Inspiração para Galvão, Zezinho revelou que encontrou nos estudos uma formação de resistência. “Meu foco, desde criança, era atender meu povo, que estava sofrendo com a questão da terra, a invasão dos grileiros. Então, busquei fazer as formações que tenho hoje. Meu interesse em aprender para depois ensinar meus alunos foi sempre para ver o povo do quilombo sabendo ler e escrever”, relatou.
A visão do saber que é transmitido pelos índios também foi abordada na conferência. O mestre dos saberes Gilvandro Oliveira, descendente indígena Mongoió e ceramista na Comunidade de Batalha, entende que o saber científico anda lado a lado com o saber popular. Segundo ele, essa descoberta se deu através dos livros didáticos: “quando eu fui para a cidade e passei a ter contato com os livros de história, as imagens, eu passei a produzir alguns trabalhos daquelas páginas. O primeiro que fiz foi um busto de Sócrates”.

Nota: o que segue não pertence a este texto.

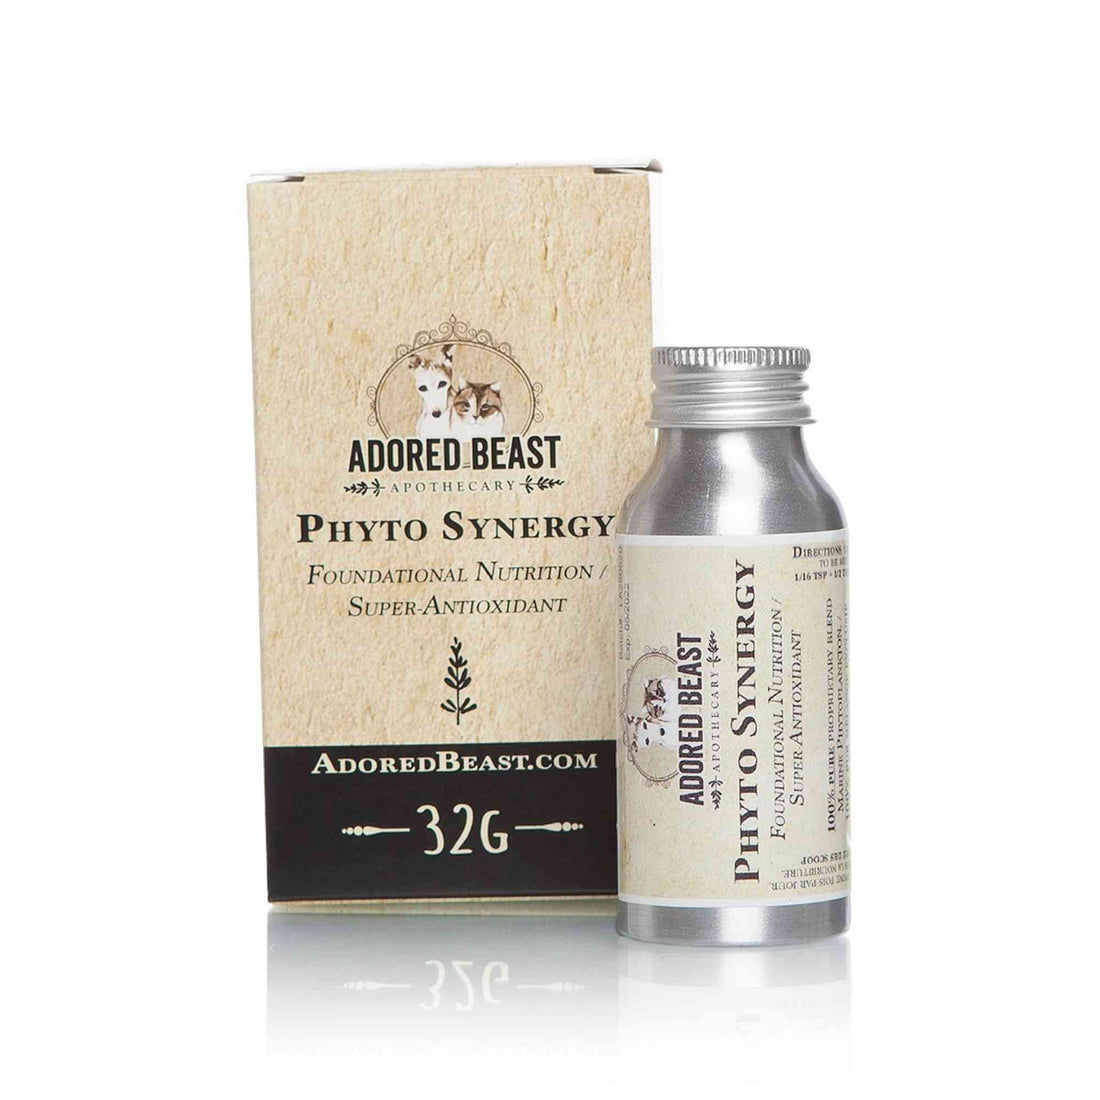 Phyto Synergy 32g Adored Beast Super Antioxidant

Mediadora da conferência, a professora Rita de Cássia Mendes, do Departamento de História da Uesb, também contribuiu com a temática ao mencionar que não é necessária a formação acadêmica para se fazer mestre. “Todas as pessoas que aqui falaram têm plena capacidade, nos seus campos específicos de formação e de atuação, não necessariamente acadêmica, de expor sobre as demandas que são próprias aos seus grupos de origem, sejam os grupos étnicos, sociais, religiosos”, afirmou.
Solenidade oficial – Antes da conferência de abertura, o Festival Cultural de Cenas Curtas da Uesb contou com a participação de representantes da Universidade. O professor Luiz Otávio de Magalhães, reitor da Uesb, destacou a importância da realização do evento envolvendo atividades artísticas. “Temos uma preocupação no sentido de reafirmarmos a arte como parte indispensável da própria formação do indivíduo e, também, na consecução dos objetivos da educação”, defendeu.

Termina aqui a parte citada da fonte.